Comment se soigner quand on a le covid

Alors que l’arrivée des vaccins contre la Covid-19 suscite un élan d’espoir dans la lutte contre la pandémie, aucun traitement n’a à ce jour encore été trouvé pour combattre l’infection. Dès lors, comment soigner la maladie ?

Le Pr Jean-Jacques Mourad, chef du service de Médecine interne à l’hôpital Paris Saint-Joseph - Groupe Hospitalier Paris Saint-Joseph, nous explique comment sont pris en charge les malades. 

Dans la grande majorité des cas (80%), une infection à la Covid-19 s’avère bénigne. Les patients présentant des symptômes sans gravité doivent s’isoler et rester chez eux au moins 7 jours, afin de ne pas contaminer d’autres personnes et saturer les capacités d’hospitalisation des établissements de santé.

Bien qu’il n’existe à ce jour aucun traitement spécifique contre la maladie, il est toutefois possible d’en limiter les symptômes, comme les maux de gorge et la fièvre. Pour cela, vous pouvez prendre du paracétamol, en respectant bien les posologies. Soit pas plus de 1 gramme, 3 fois par jour (généralement au moment des repas).

"Ce que l’on recommande aujourd’hui à la maison c’est principalement de lutter contre la fièvre et la diarrhée, avec les moyens habituels, c’est-à-dire les antalgiques de type paracétamol et des antidiarrhéïques", explique le professeur.

Il est également important de surveiller votre température. On recommande de la prendre 2 fois par jour, matin et soir. La fièvre est variable chez les patients atteints de la Covid-19, elle peut être très légère au début, puis monter fortement quelques jours après, d’où l’intérêt de la surveiller régulièrement, afin d’anticiper.

Pensez à vous reposer pour aider votre corps à récupérer et ne pratiquez plus d'activité physique pendant toute la durée de votre infection. Avec le virus, cela peut provoquer une réaction inflammatoire du myocarde et des troubles du rythme.
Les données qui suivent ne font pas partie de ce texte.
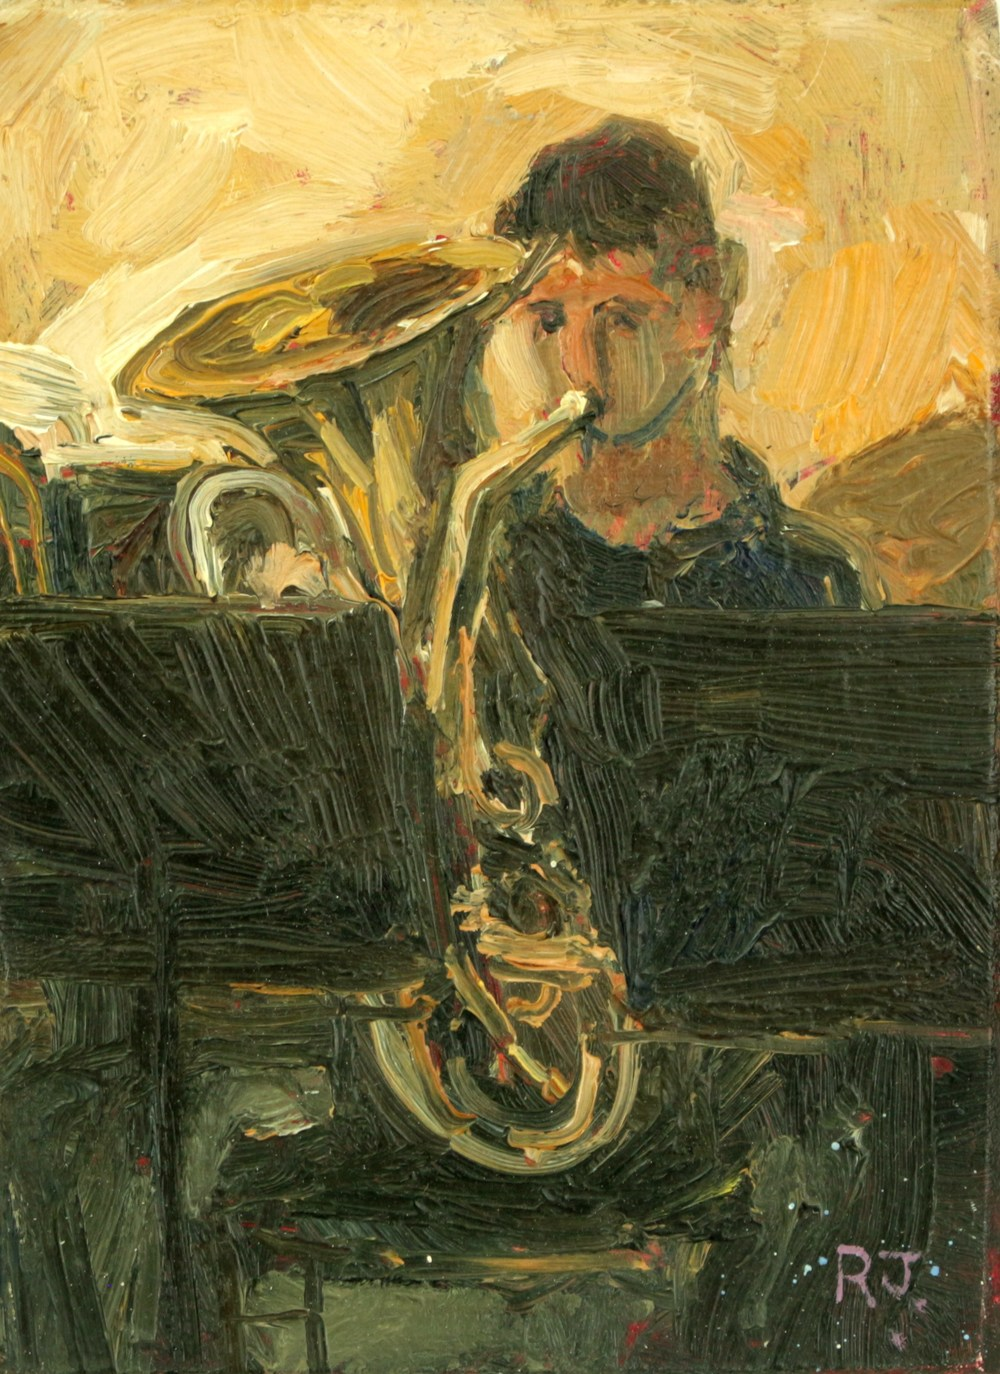 104. brass band iii
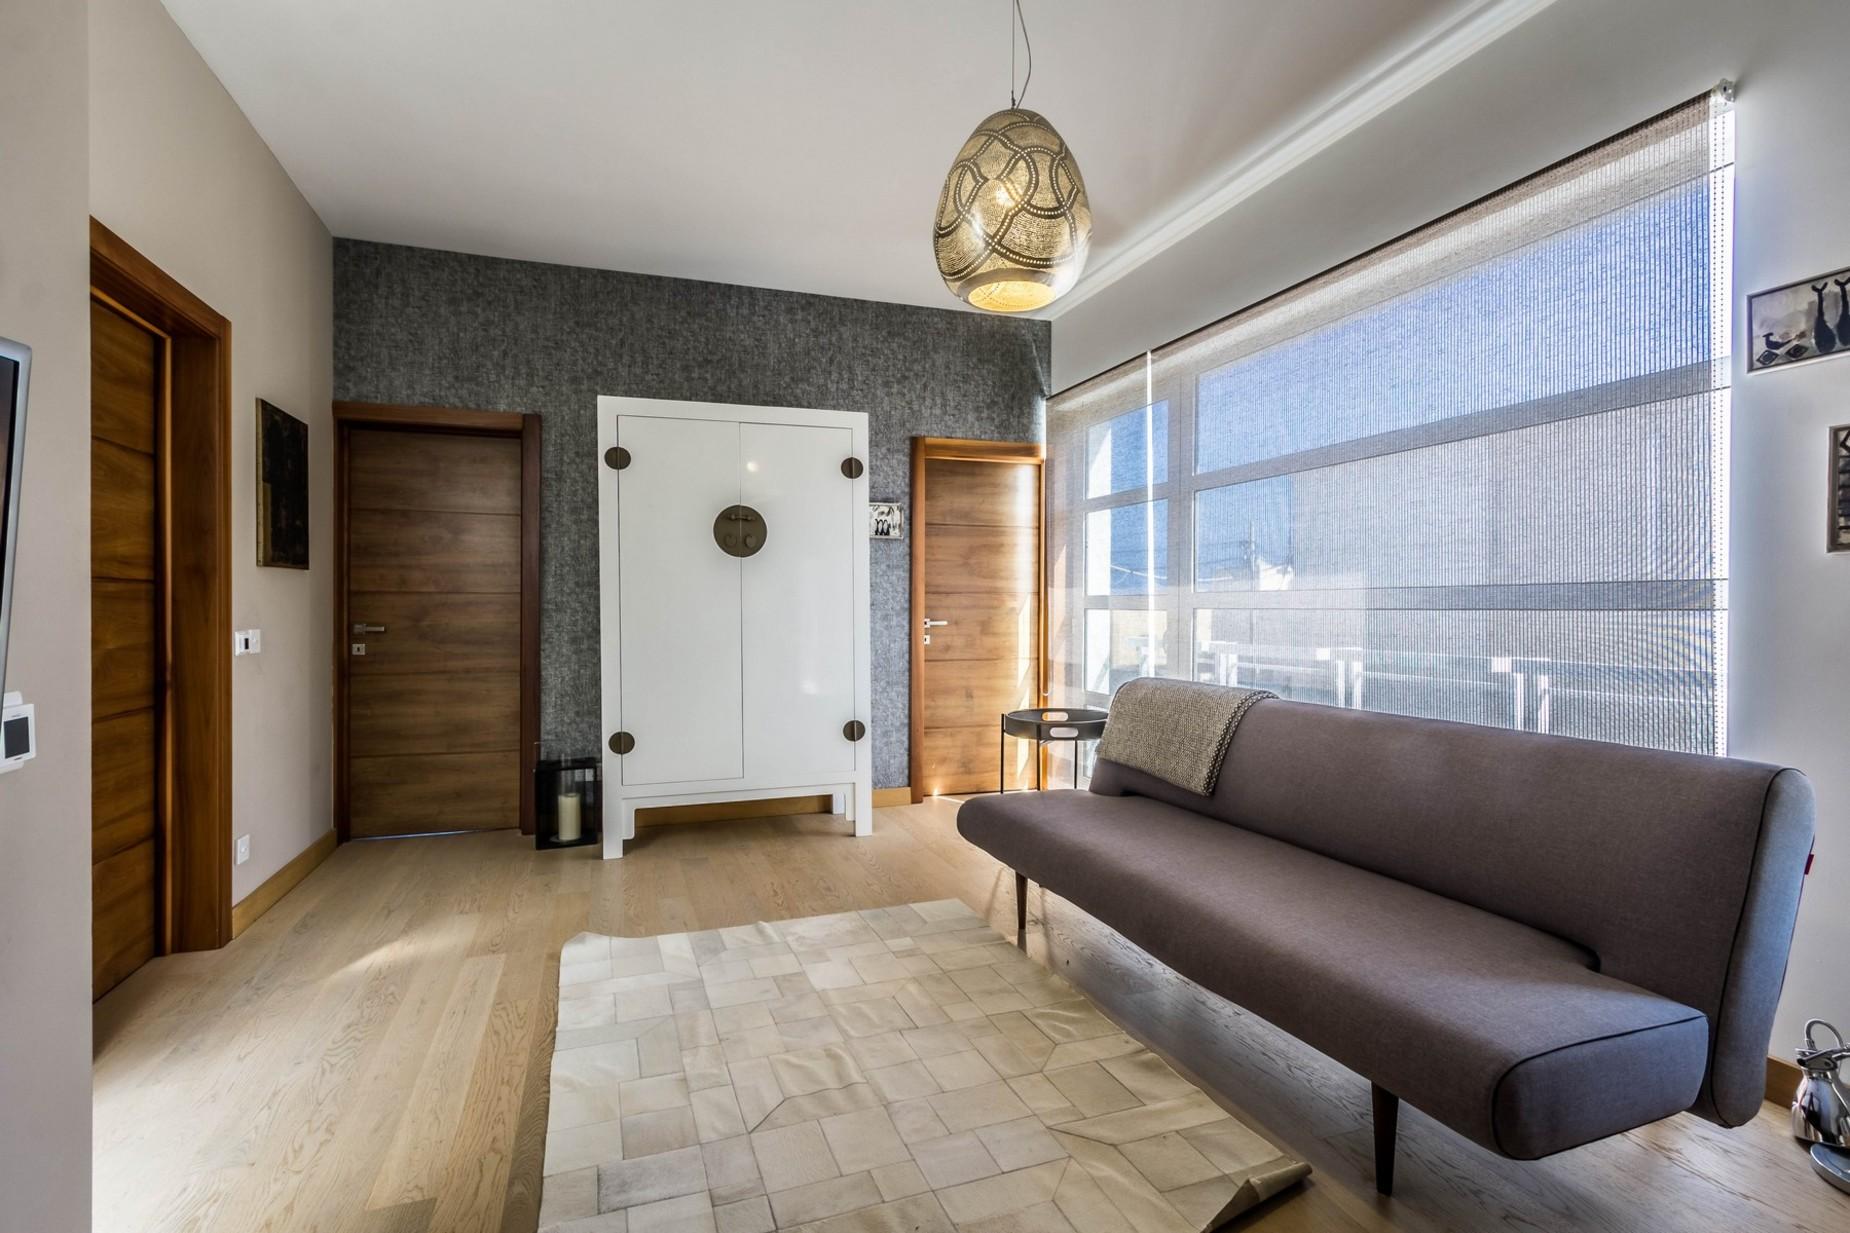 3 bed Villa For Sale in San Gwann, San Gwann - thumb 8

De plus, cela vous essoufflera et contribuera à votre sensation d’oppression. Vous pouvez également développer des difficultés respiratoires si vous forcez trop sur vos poumons.

"Veillez à bien vous hydrater avec de l'eau afin d'éviter une déshydratation liée à la fièvre et des courbatures, ajoute le Pr Mourad. Si votre état s'aggrave, n'hésitez pas à consulter en urgence."

Petit conseil de la rédaction : pour donner un coup de pouce à votre immunité, invitez des fruits et légumes riches en vitamine C ( comme le kiwi, l’orange, les brocolis, le poivron...) et en zinc (le foie de veau, les céréales complètes…) dans votre assiette. Vous pouvez aussi miser sur des plantes qui boostent l'immunité comme l’astragale ou l’échinacée. Les méthodes naturelles, comme les tisanes, le miel et le citron pressé, utilisés pour aider à combattre le rhume et autres infections hivernales, sont conseillés. S’ils ne guérissent pas de la Covid-19, ils aident à en soulager les symptômes, notamment le mal de gorge.

Quels médicaments éviter en cas d'infection à la Covid-19 ?

Le lavage des cavités nasales est à éviter, car il risquerait d’envoyer le virus de la muqueuse nasale aux poumons soulignait déjà en mars dernier la Direction Générale de la Santé.

Le Haut Conseil de la Santé Publique rappelle également que les anti inflammatoires non stéroïdiens sont proscrits, en raison du risque inflammatoire auquel ils exposent. "La prise d’anti-inflammatoires (tels que l’Ibuprofène, l’Advil ou l’Aspirine) pourrait être un facteur d’aggravation de la Covid-19. L’information a été largement relayée par le ministère auprès des citoyens comme des professionnels de santé. Tout citoyen déjà sous anti-inflammatoires ou qui aurait le moindre doute vis-à-vis d’un traitement habituel doit consulter son médecin et peut aussi consulter le site SynapseMed ou à en télécharger l’application pour vérifier que ses médicaments ne sont pas suspects d’aggraver la Covid-19."

Même recommandation en ce qui concerne les corticoïdes. Ceux-ci n’ont pas montré de bénéfice lors d’infections virales, y compris à d’autres coronavirus, ils sont donc à éviter, sauf si prescrits pour une autre indication. "Il n’est pas recommandé, chez les gens qui n’ont pas besoin d’oxygène, de prendre de la cortisone, contrairement à ce que beaucoup de médecins généralistes proposent aujourd’hui", ajoute notre expert.

Enfin, la prescription d’antibiotiques est inutile car la Covid-19 est due à un virus et non à une bactérie. La prise d’antibiotiques s’avère donc inutile, sauf en cas d’infection bactérienne associée. 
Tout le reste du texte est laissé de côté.